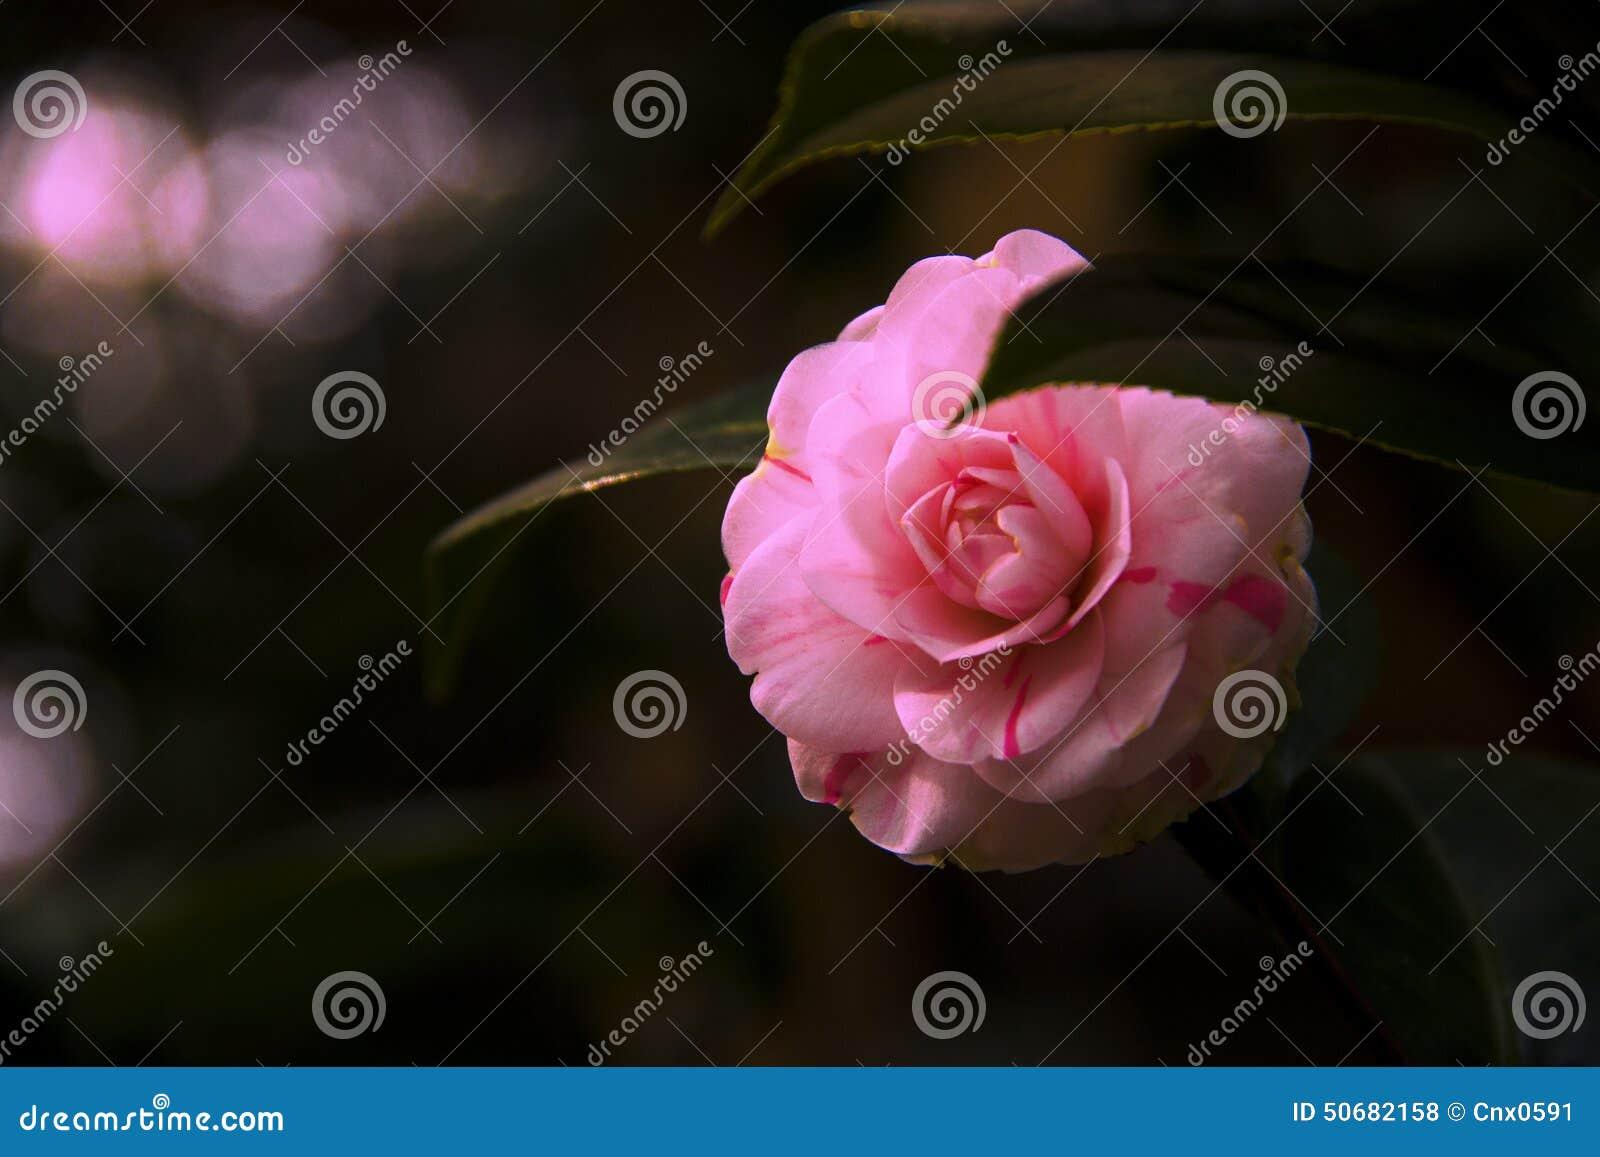 Download 明亮的山茶花 库存照片. 图片 包括有 公园, 开花, 绿化, 横向, 绽放, 生态学, 颜色, 春天, 绿色 - 50682158
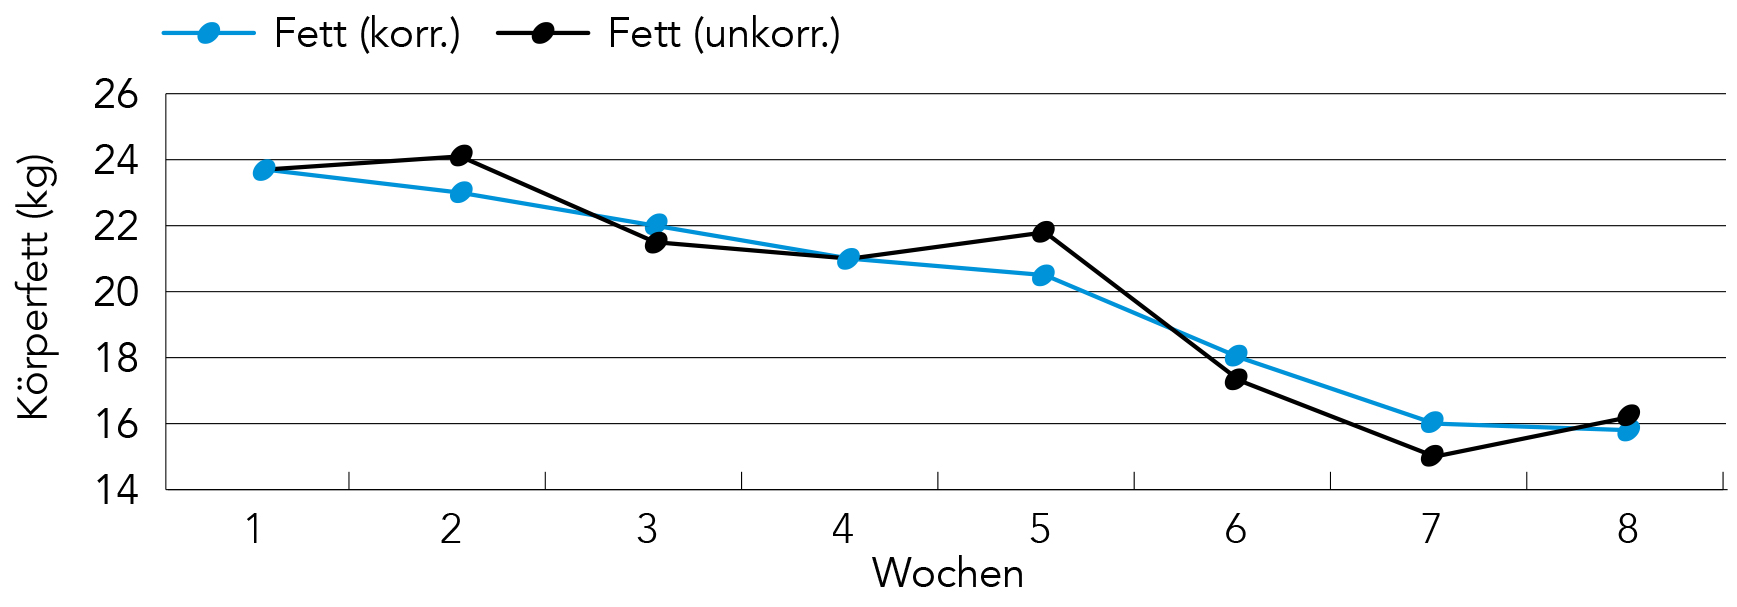 Verlaufsdiagramm des Körperfettanteil bei Reduktionsdiät
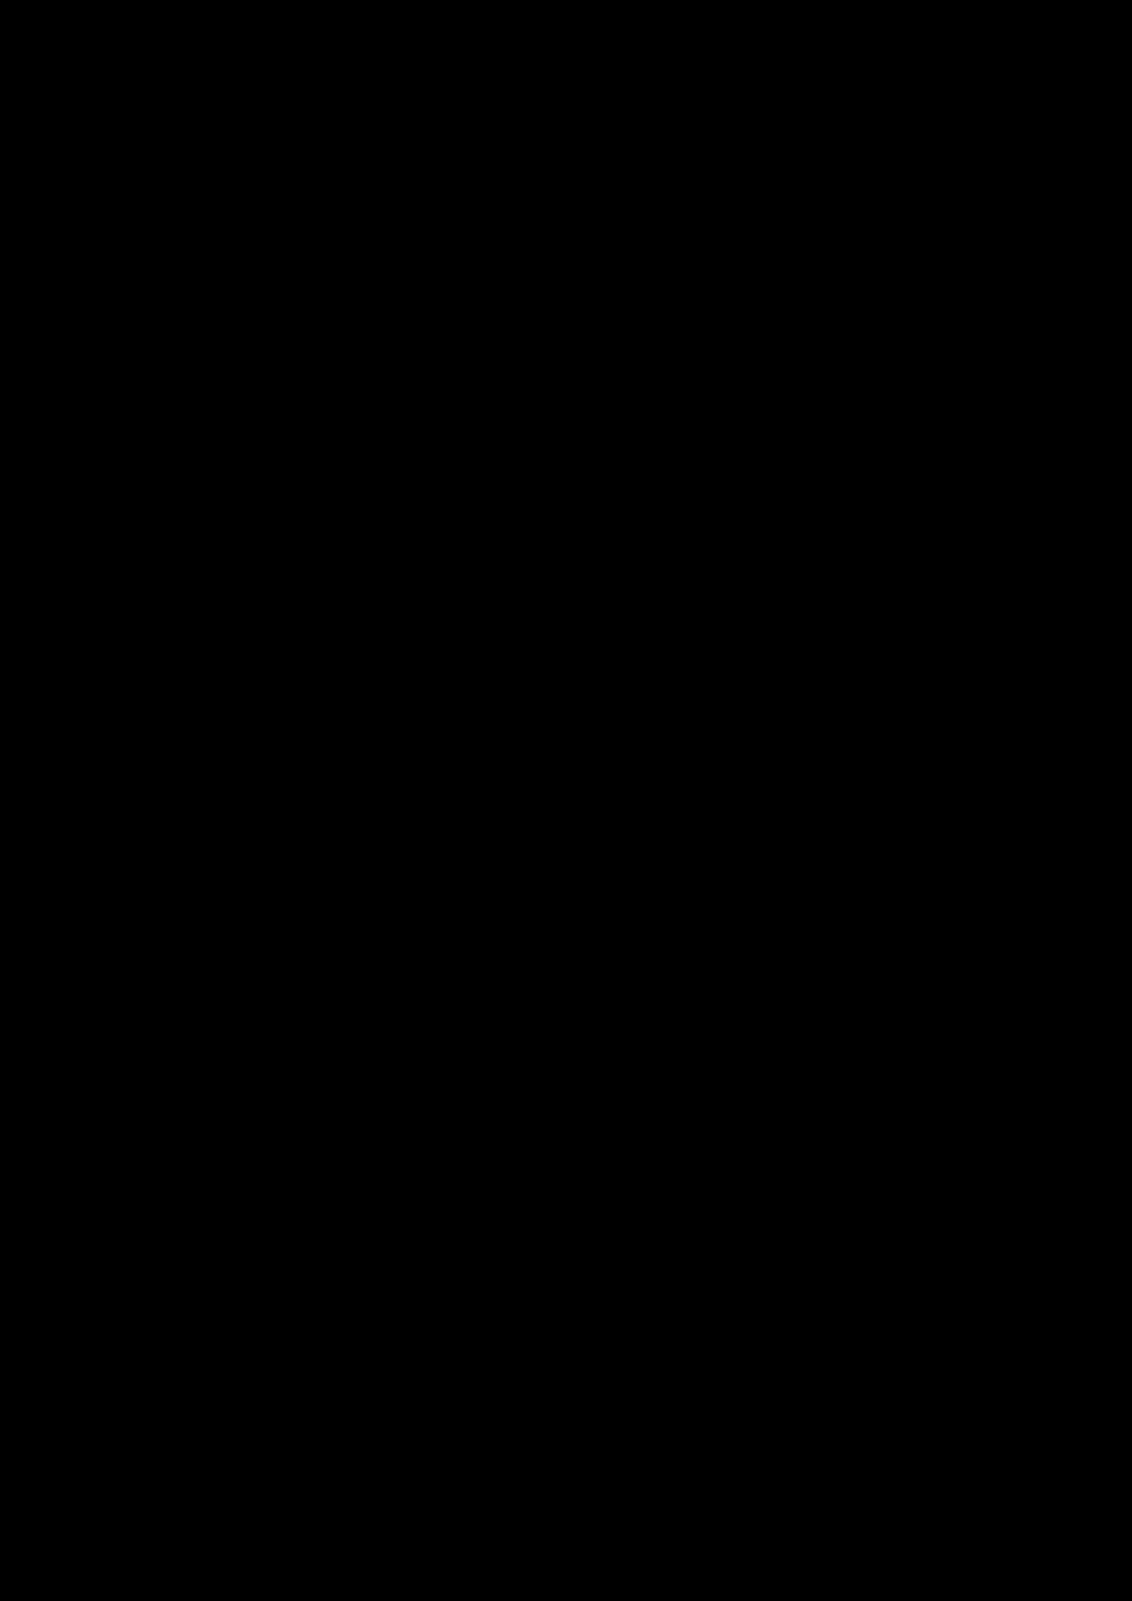 Lambada slide, Image 2
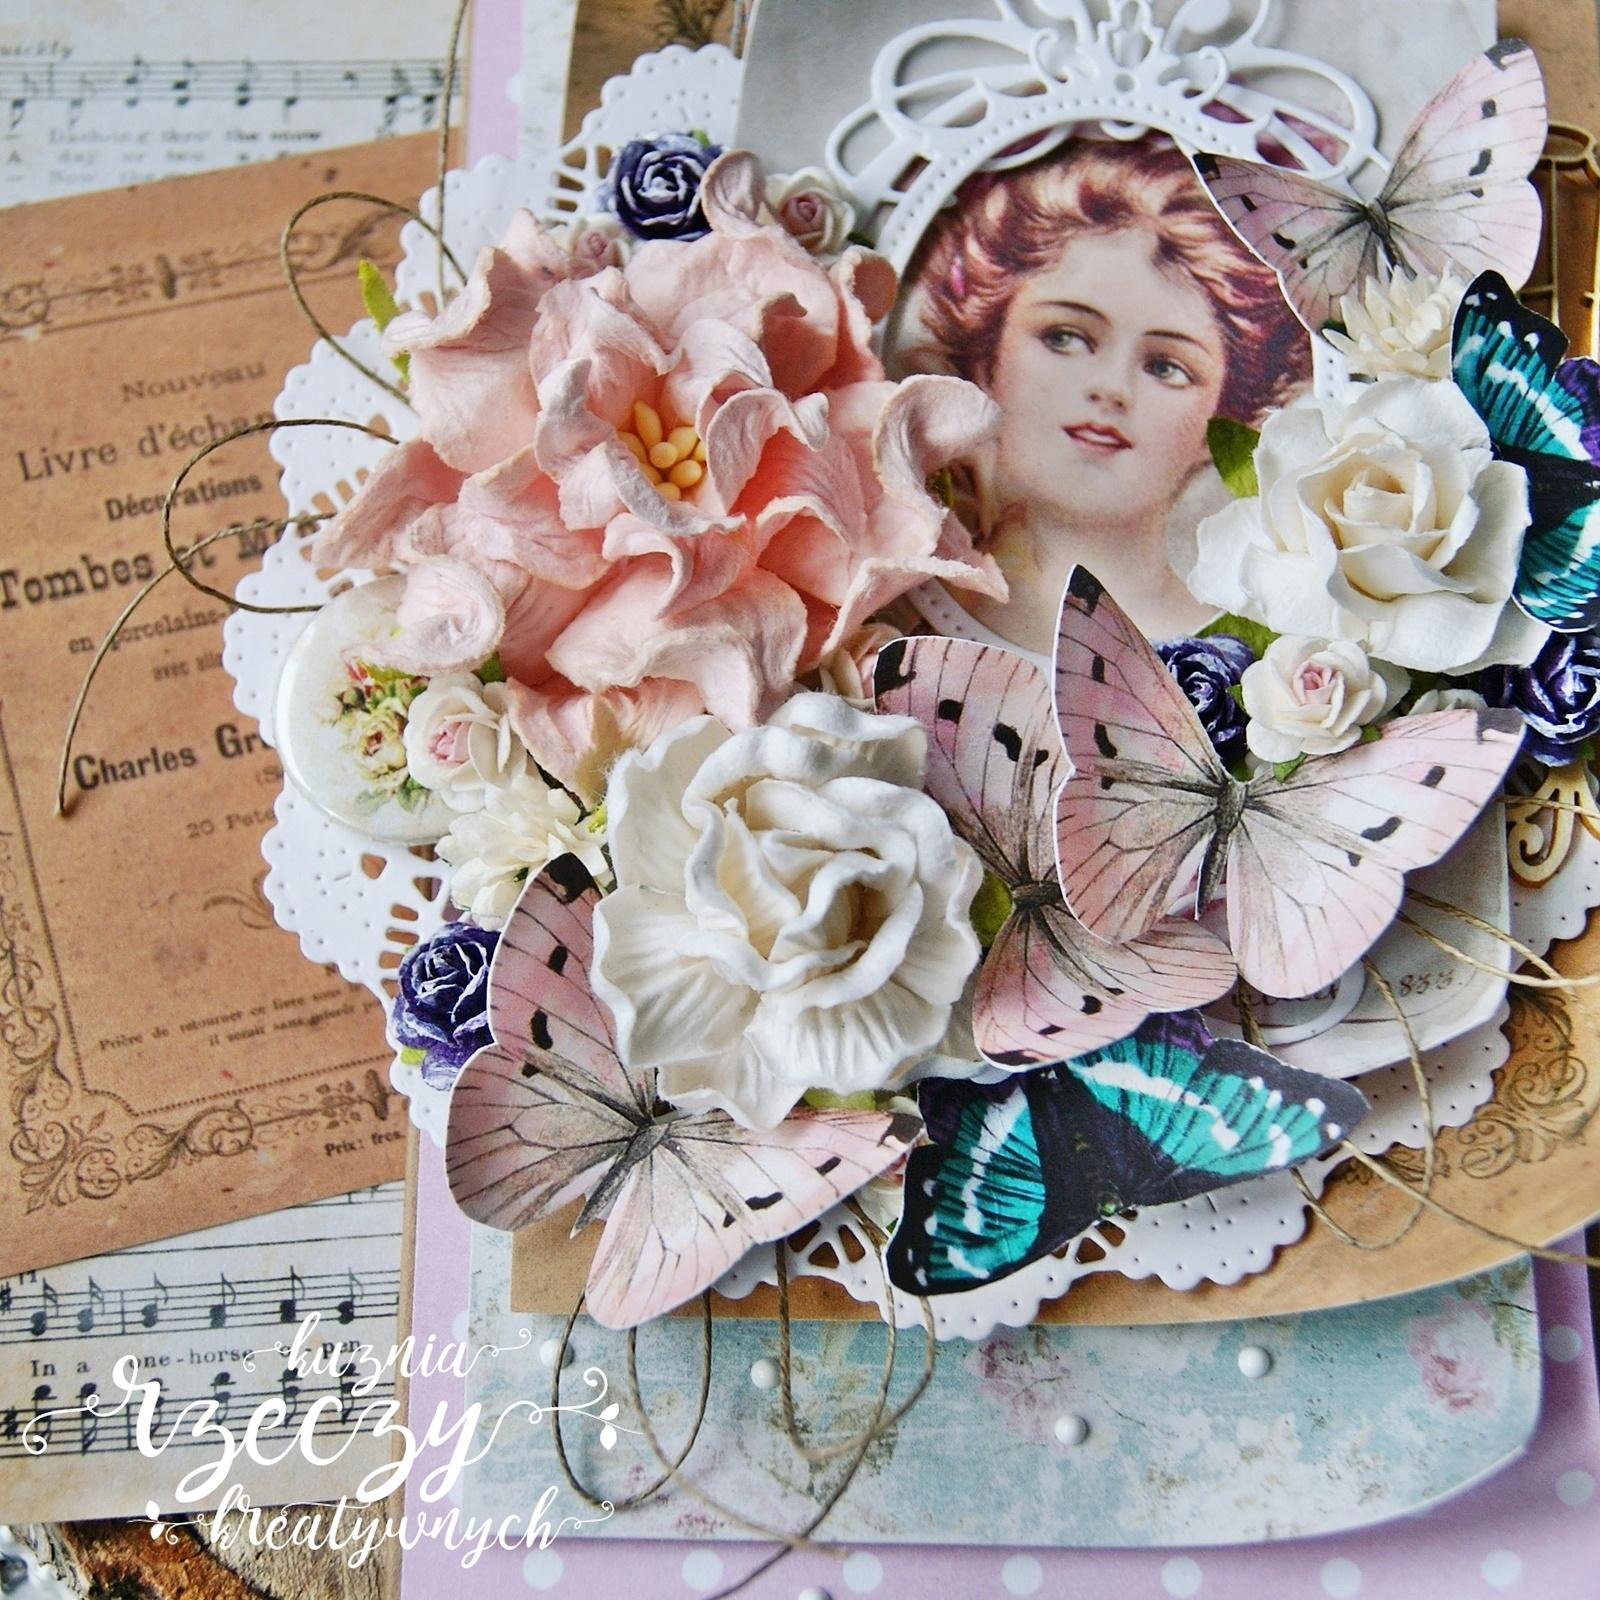 Piękne, wyjątkowe, ukwiecone warstwowe kartki w pastelowej kolorystyce.
■ ■ ■ ■
§ PROMPT: Make an exact copy of the data, leaving its pictures out.

§ RESULT OF THIS EXERCISE:
 Download 明亮的山茶花 库存照片. 图片 包括有 公园, 开花, 绿化, 横向, 绽放, 生态学, 颜色, 春天, 绿色 - 50682158
 Verlaufsdiagramm des Körperfettanteil bei Reduktionsdiät
 Lambada slide, Image 2
 Piękne, wyjątkowe, ukwiecone warstwowe kartki w pastelowej kolorystyce.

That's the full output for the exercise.